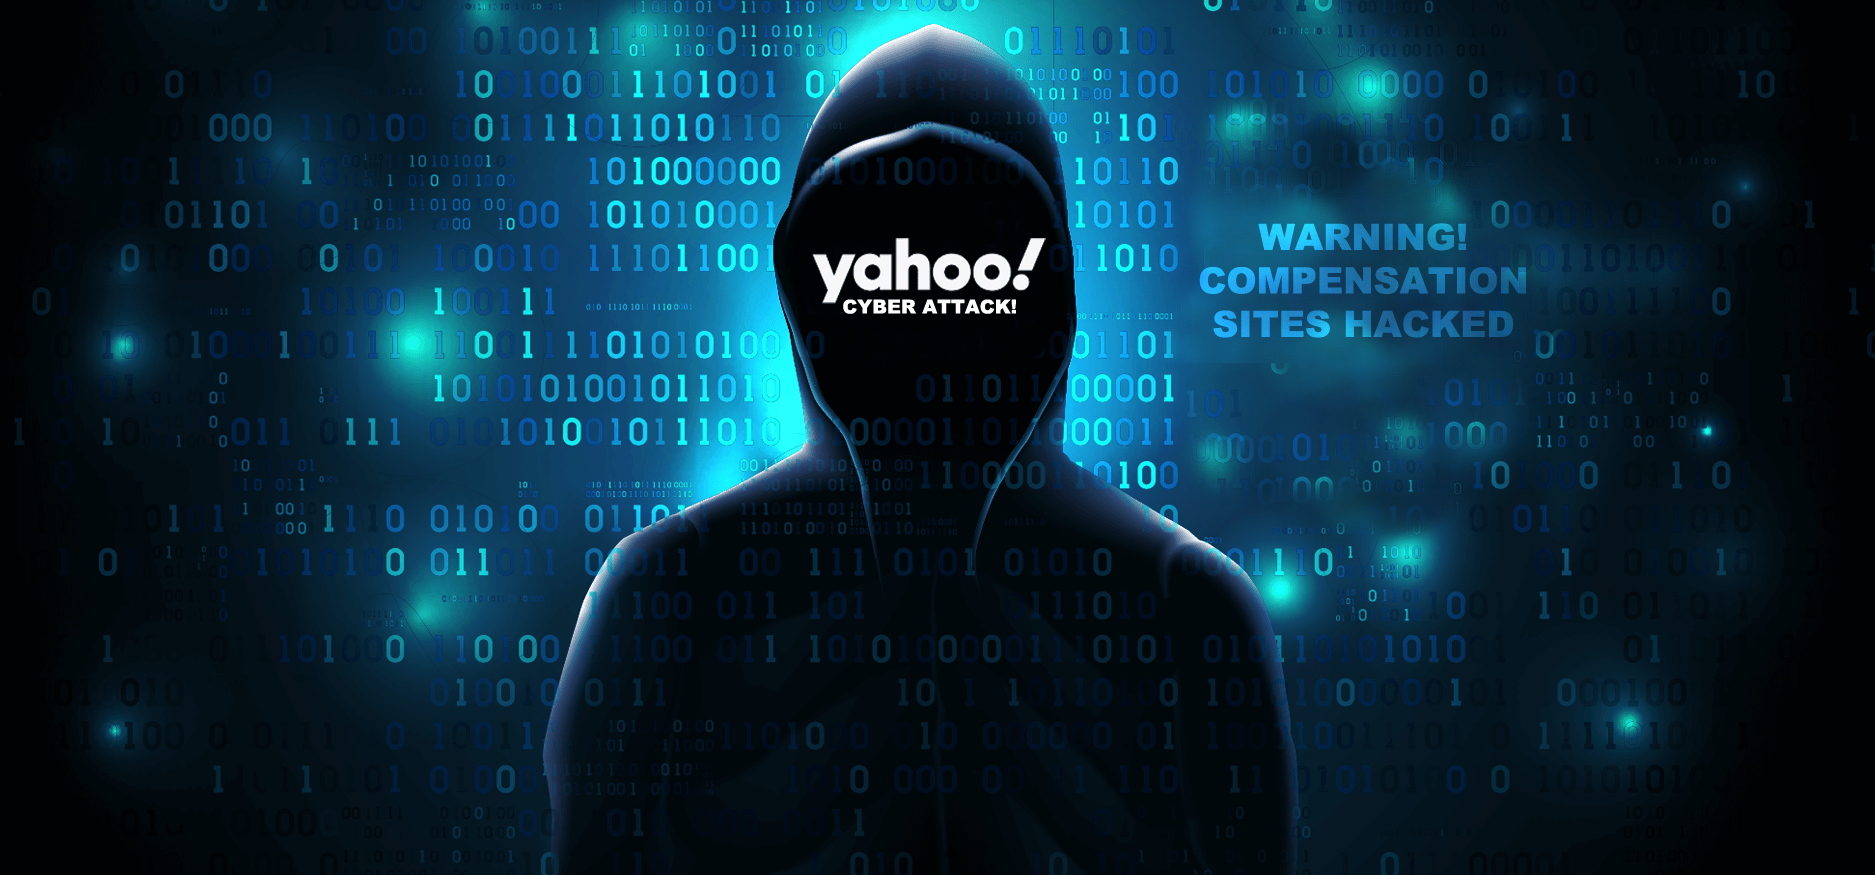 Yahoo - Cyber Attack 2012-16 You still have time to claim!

+ + + +

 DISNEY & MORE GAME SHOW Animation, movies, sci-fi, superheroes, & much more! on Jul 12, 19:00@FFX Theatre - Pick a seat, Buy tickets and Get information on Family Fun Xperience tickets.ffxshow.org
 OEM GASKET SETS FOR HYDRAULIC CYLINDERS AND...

+ + + +

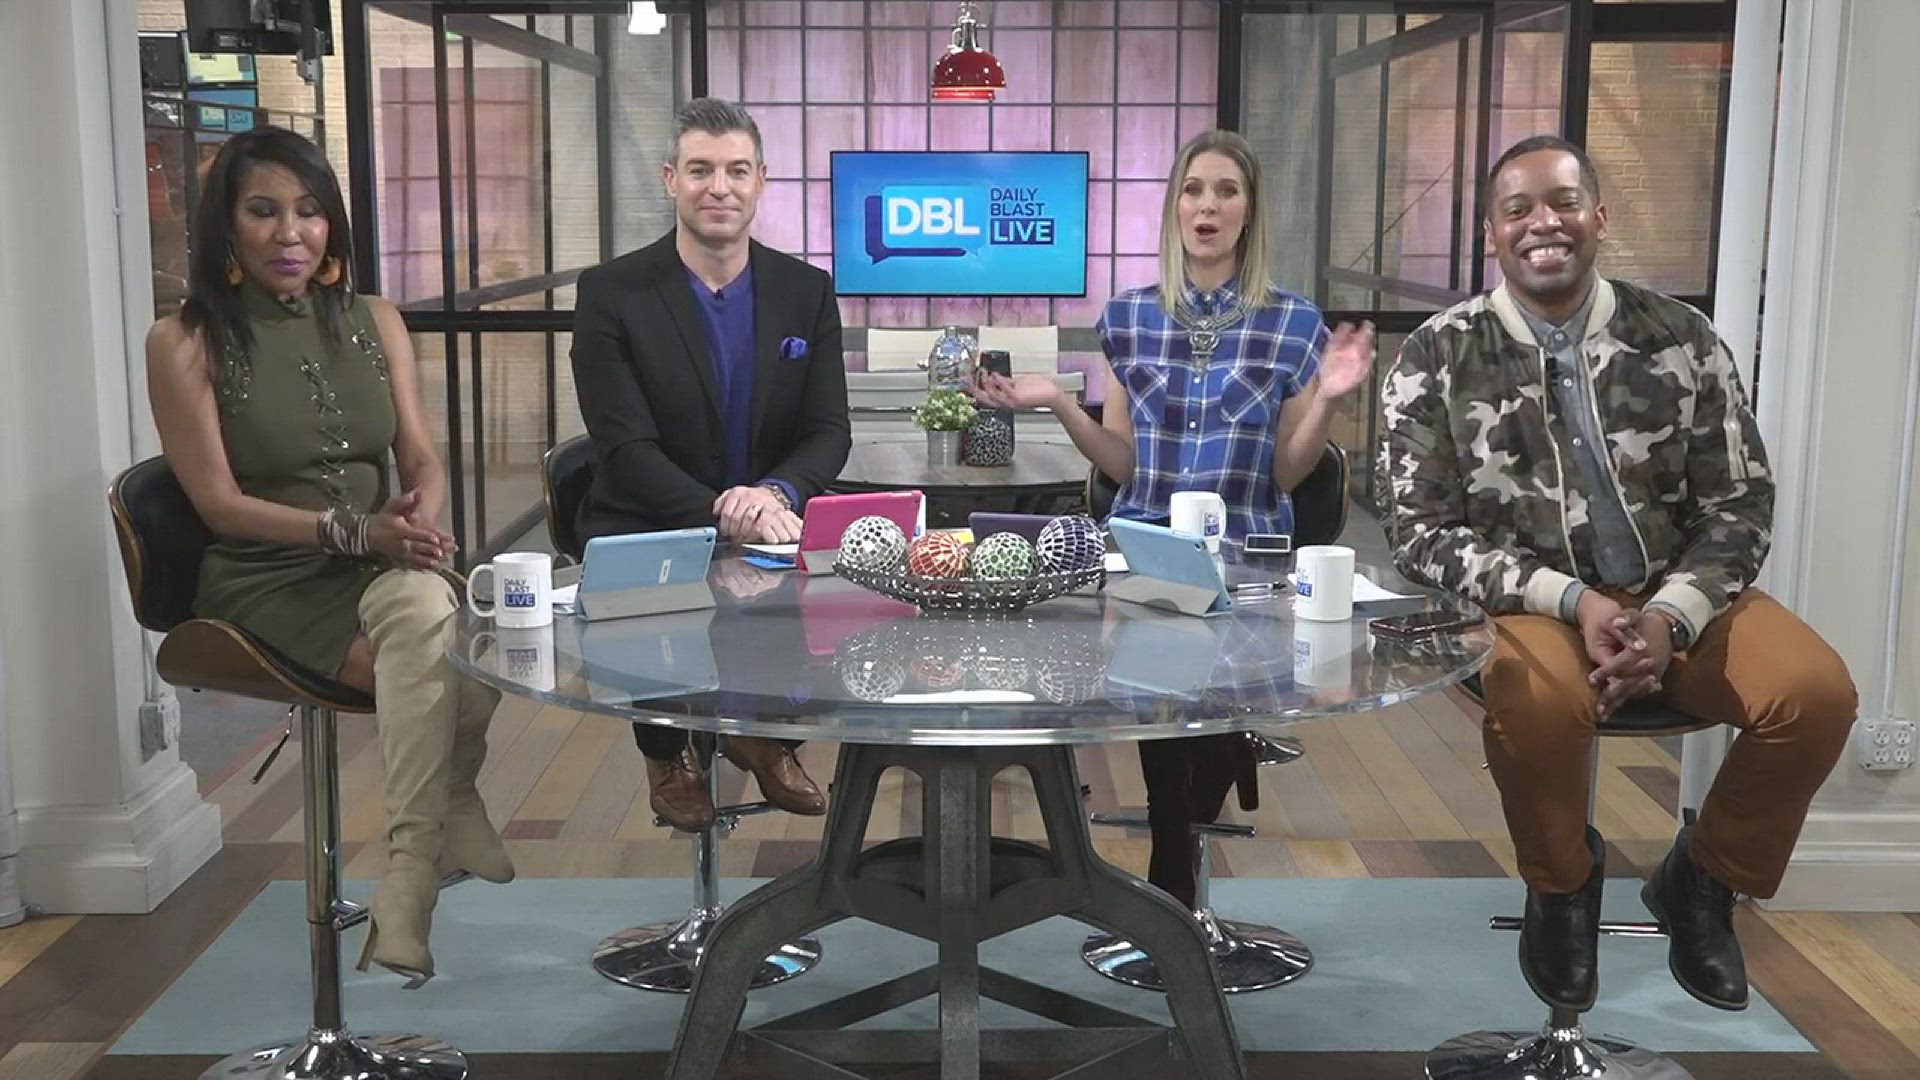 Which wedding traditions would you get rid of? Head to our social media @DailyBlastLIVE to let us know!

+ + + +

● **About this exercise**:
Restate word for word the entries above from the line with "DISNEY & MORE" through the line with "OEM GASKET SETS", inclusive, leaving out everything else.

● **Output below**:
 DISNEY & MORE GAME SHOW Animation, movies, sci-fi, superheroes, & much more! on Jul 12, 19:00@FFX Theatre - Pick a seat, Buy tickets and Get information on Family Fun Xperience tickets.ffxshow.org
 OEM GASKET SETS FOR HYDRAULIC CYLINDERS AND...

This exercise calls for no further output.